In particular embodiments, computer system 900 includes a processor
902, memory 904, storage 906, an input/output (I/O) interface 908,
a communication interface 910, and a bus 912. Although this
disclosure describes and illustrates a particular computer system
having a particular number of particular components in a particular
arrangement, this disclosure contemplates any suitable computer
system having any suitable number of any suitable components in any
suitable arrangement.
In particular embodiments, processor 902 includes hardware for
executing instructions, such as those making up a computer program.
As an example and not by way of limitation, to execute
instructions, processor 902 may retrieve (or fetch) the
instructions from an internal register, an internal cache, memory
904, or storage 906; decode and execute them; and then write one or
more results to an internal register, an internal cache, memory
904, or storage 906. In particular embodiments, processor 902 may
include one or more internal caches for data, instructions, or
addresses. This disclosure contemplates processor 902 including any
suitable number of any suitable internal caches, where appropriate.
As an example and not by way of limitation, processor 902 may
include one or more instruction caches, one or more data caches,
and one or more translation lookaside buffers (TLBs). Instructions
in the instruction caches may be copies of instructions in memory
904 or storage 906, and the instruction caches may speed up
retrieval of those instructions by processor 902. Data in the data
caches may be copies of data in memory 904 or storage 906 for
instructions executing at processor 902 to operate on; the results
of previous instructions executed at processor 902 for access by
subsequent instructions executing at processor 902 or for writing
to memory 904 or storage 906; or other suitable data. The data
caches may speed up read or write operations by processor 902. The
TLBs may speed up virtual-address translation for processor 902. In
particular embodiments, processor 902 may include one or more
internal registers for data, instructions, or addresses. This
disclosure contemplates processor 902 including any suitable number
of any suitable internal registers, where appropriate. Where
appropriate, processor 902 may include one or more arithmetic logic
units (ALUs); be a multi-core processor; or include one or more
processors 902. Although this disclosure describes and illustrates
a particular processor, this disclosure contemplates any suitable
processor.
In particular embodiments, memory 904 includes main memory for
storing instructions for processor 902 to execute or data for
processor 902 to operate on. As an example and not by way of
limitation, computer system 900 may load instructions from storage
906 or another source (such as, for example, another computer
system 900) to memory 904. Processor 902 may then load the
instructions from memory 904 to an internal register or internal
cache. To execute the instructions, processor 902 may retrieve the
instructions from the internal register or internal cache and
decode them. During or after execution of the instructions,
processor 902 may write one or more results (which may be
intermediate or final results) to the internal register or internal
cache.

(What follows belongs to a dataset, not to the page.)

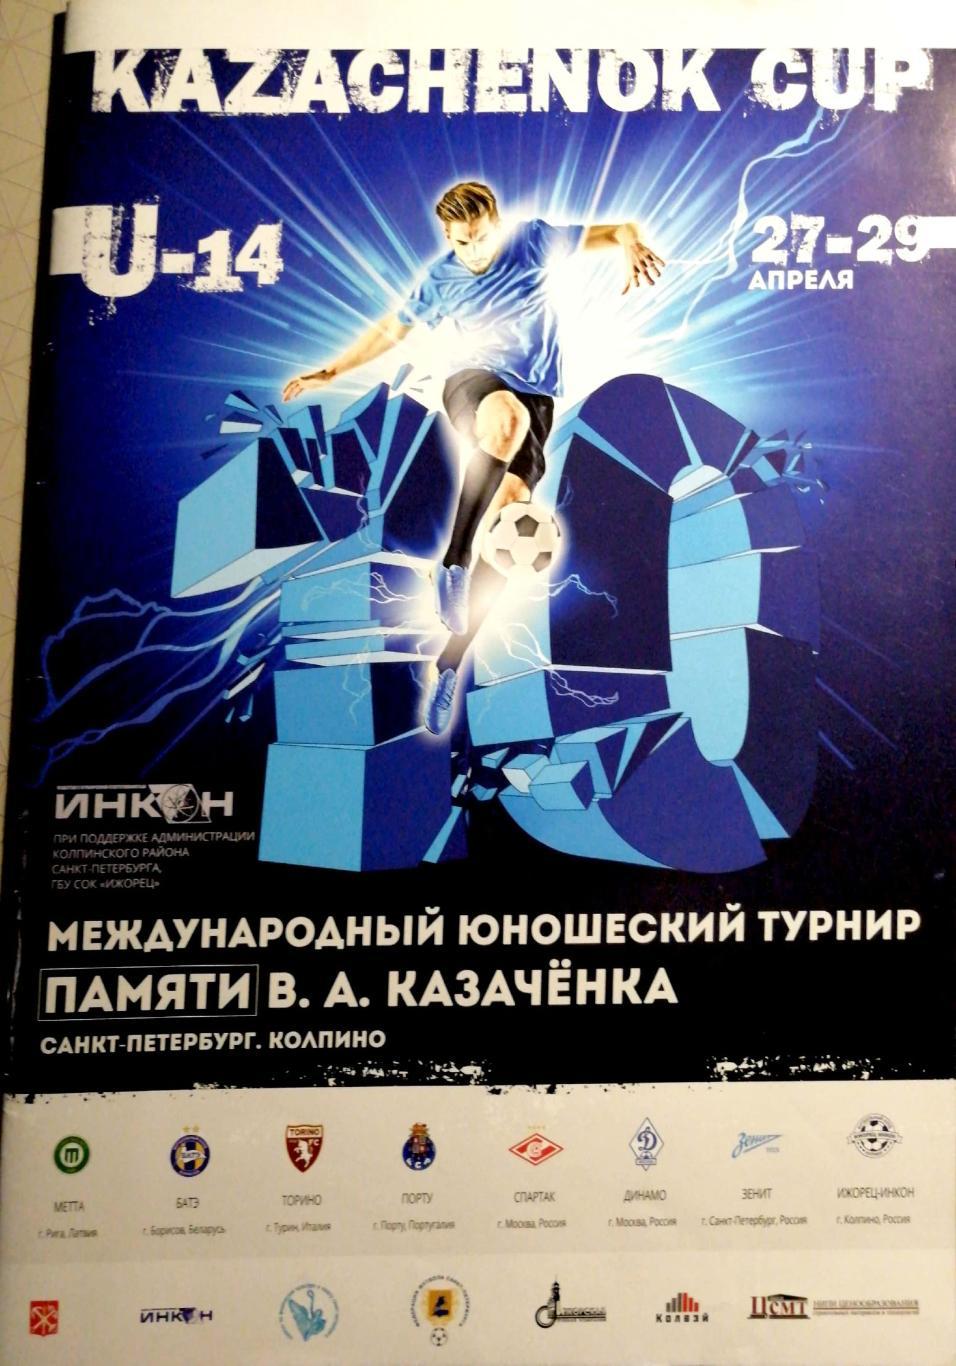 Международный юношеский турнир памяти Казаченка СПб, Колпино 27-29.04.2018

Processor 902 may then write one or more of those results to
memory 904. In particular embodiments, processor 902 executes only
instructions in one or more internal registers or internal caches
or in memory 904 (as opposed to storage 906 or elsewhere) and
operates only on data in one or more internal registers or internal
caches or in memory 904 (as opposed to storage 906 or elsewhere).
One or more memory buses (which may each include an address bus and
a data bus) may couple processor 902 to memory 904. Bus 912 may
include one or more memory buses, as described below. In particular
embodiments, one or more memory management units (MMUs) reside
between processor 902 and memory 904 and facilitate accesses to
memory 904 requested by processor 902. In particular embodiments,
memory 904 includes random access memory (RAM). This RAM may be
volatile memory, where appropriate Where appropriate, this RAM may
be dynamic RAM (DRAM) or static RAM (SRAM). Moreover, where
appropriate, this RAM may be single-ported or multi-ported RAM.
This disclosure contemplates any suitable RAM. Memory 904 may
include one or more memories 904, where appropriate. Although this
disclosure describes and illustrates particular memory, this
disclosure contemplates any suitable memory.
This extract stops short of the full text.